Producing strict imitations, making collages by collecting original pieces from various structures, copying historical motifs and all other similar architectural varieties that we can increase the number of are doomed to be classified as “degenerated architecture”. The copycat architecture at the very end of post-modern which takes its reference from history; the architecture that turns its back on the requirements, needs and opportunities of the era no matter it is done under which name or description, remains only a building. They can never be an architectural work.
If the understanding of rule is one basic factor in the creation of great classical buildings, the defiance of rule is the other. The only way of having an authentic identity for an architect is by challenging himself / herself for the better. This challenge is not copying but imagining, hardworking, and creating.
In 1903, Sir Edwin Lutyens, in a letter to his friend British architect Herbert Baker, says “you cannot copy”. The magnificent interpretation of an architectural master who really knows what the classical language and the original architectural tradition is in this letter.

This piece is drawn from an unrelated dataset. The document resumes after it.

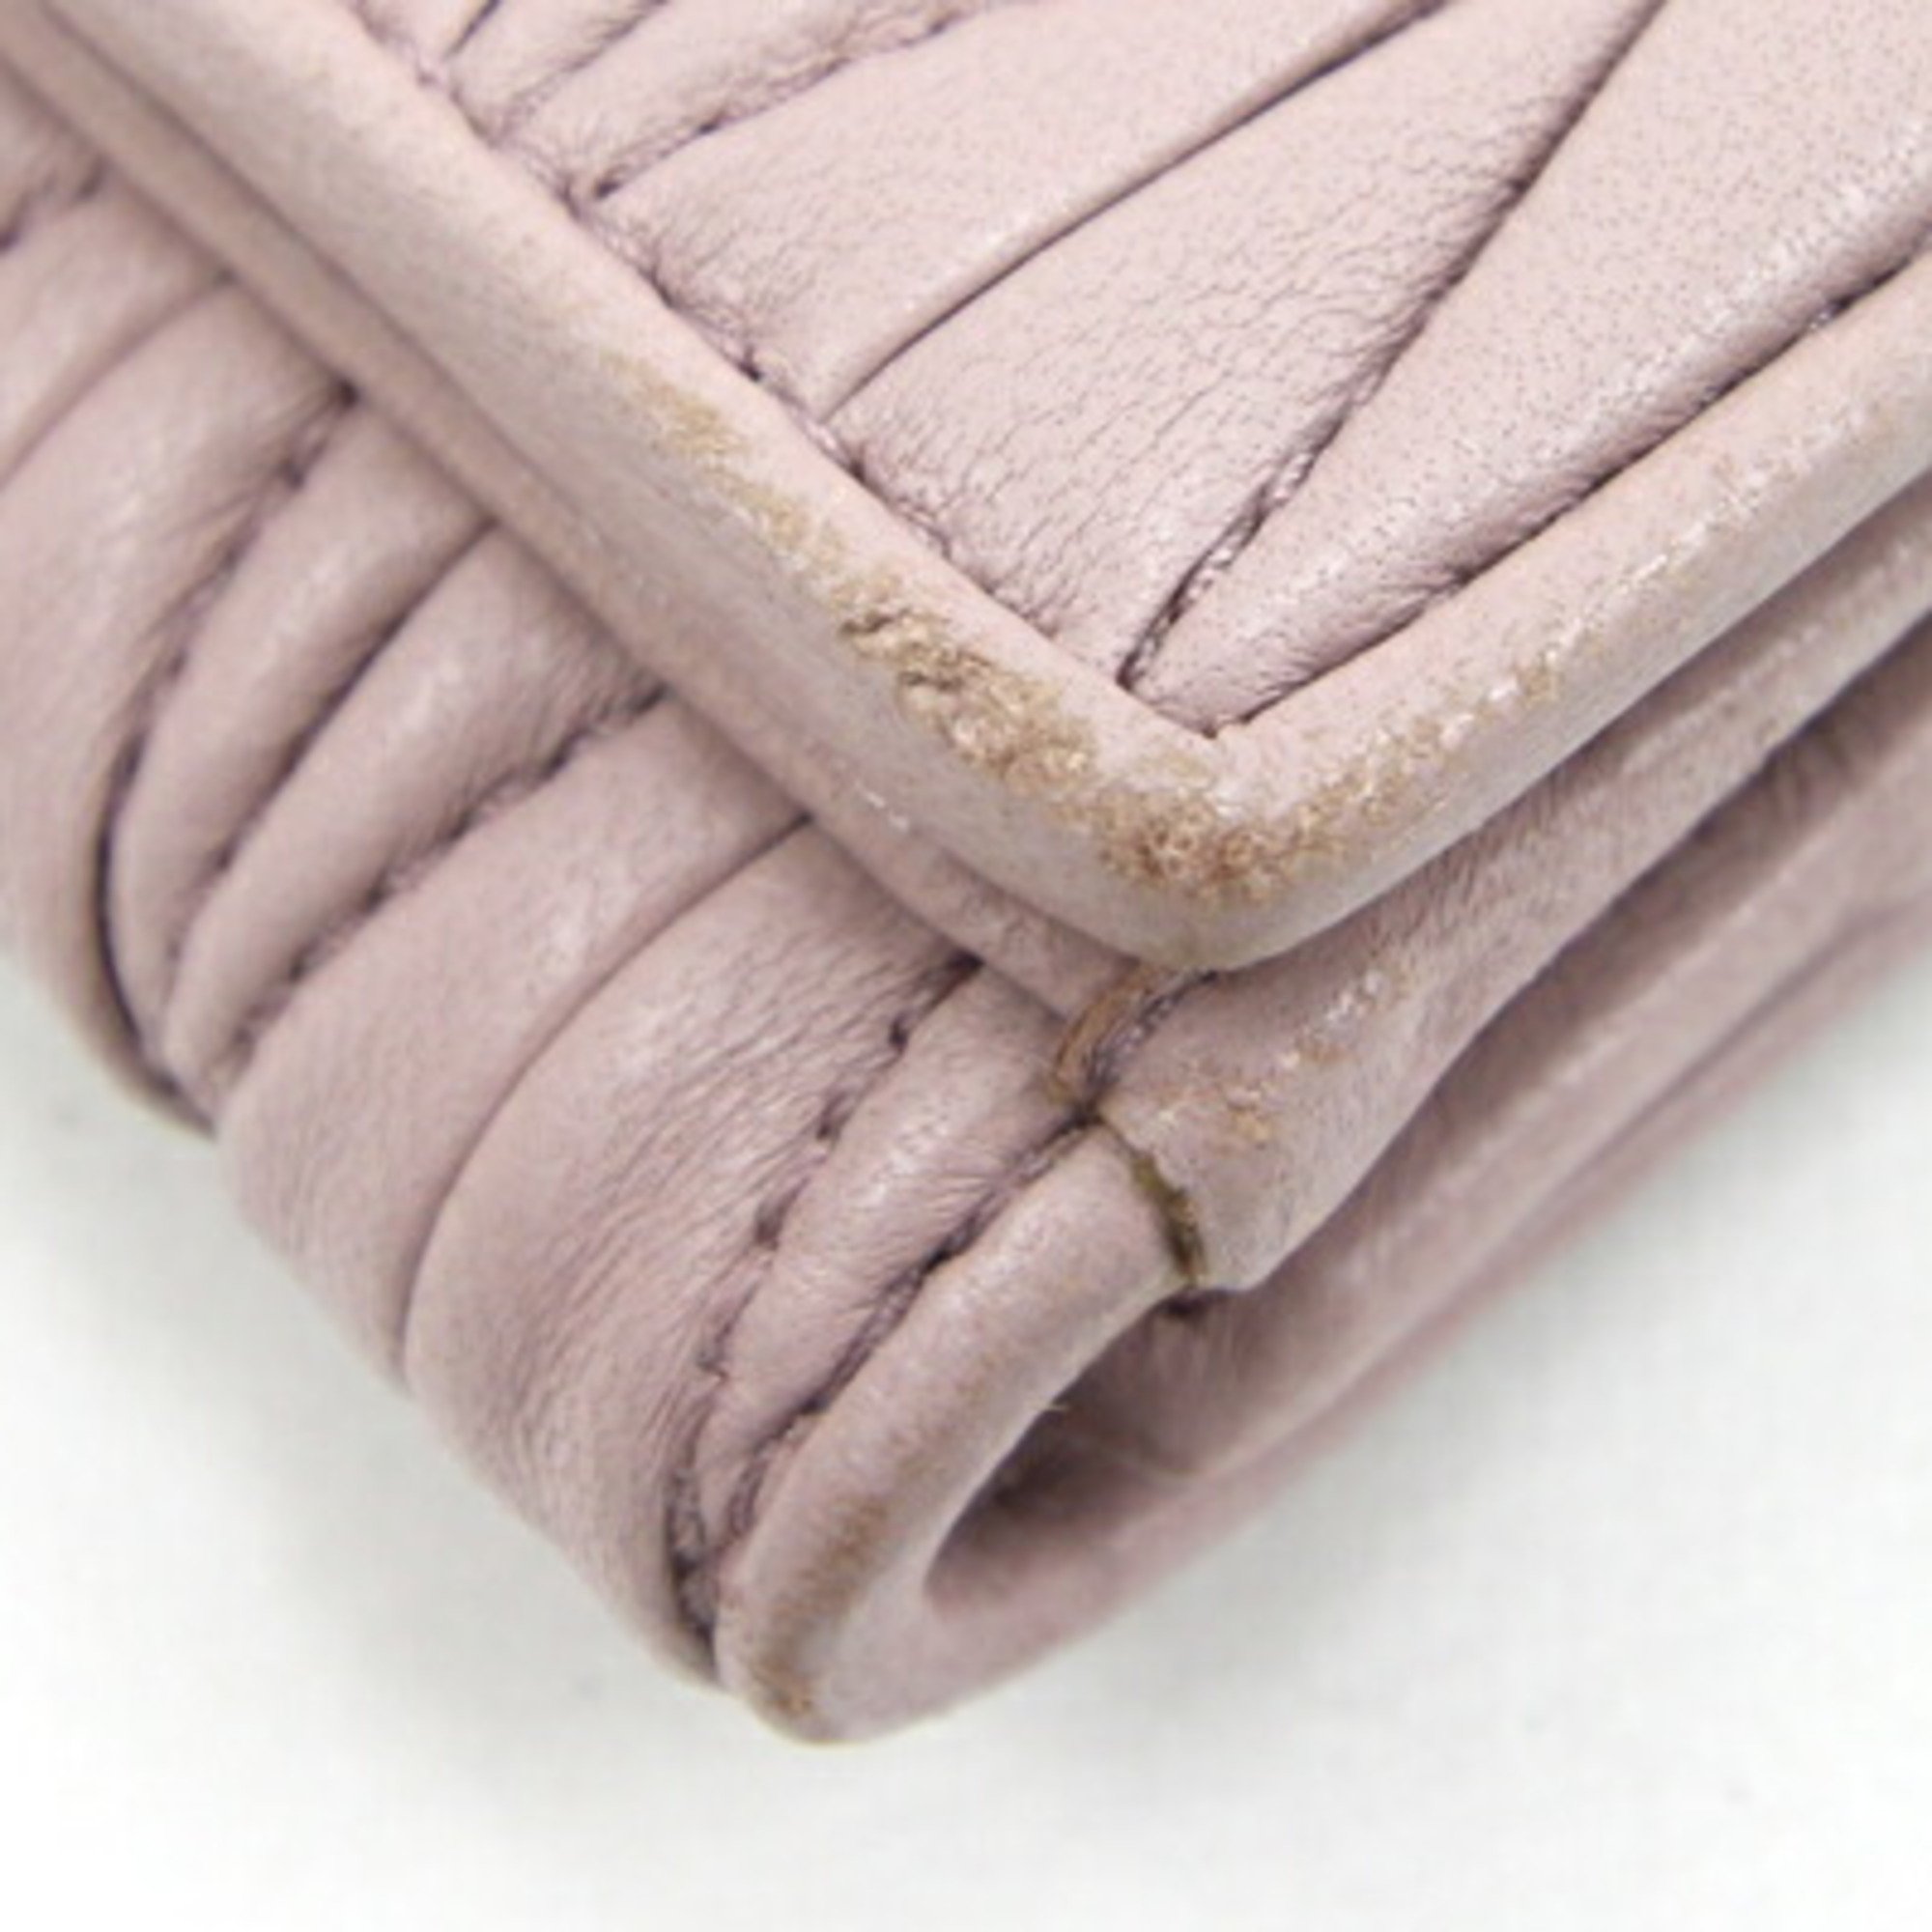 Miu Miu Miu W Wallet Matelasse 5MH523 Light Pink Leather Compact Gathered Double Sided Opening Bi-fold Women's Pleated Shirring MIUMIU

“That time-worn Doric order – a lovely thing – I have the cheek to adopt. You can’t copy it. To be right you have to take it and design it… You cannot copy it: you find if you do you are caught, a mess remains.
It means hard labor, hard thinking, over every line in all three dimensions and in every joint; and no stone can be allowed to slide. If you tackle it in this way, the Order belongs to you, and every stroke, being mentally handled, must become endowed with such poetry and artistry as God has given you. You alter one feature (which you have to, always), then every other feature has to sympathize and undergo
some care and invention. Therefore, it is no mean game, nor is it a game you can play lightheartedly.” (The Classical Language of Architecture, John Summerson, 2005, p. 30)
If the understanding of rule is one basic factor in the creation of great classical buildings, the defiance of rule is the other. The only way of having an authentic identity for an architect is by challenging himself / herself for the better. This challenge is not copying but imagining, hard-working, and creating.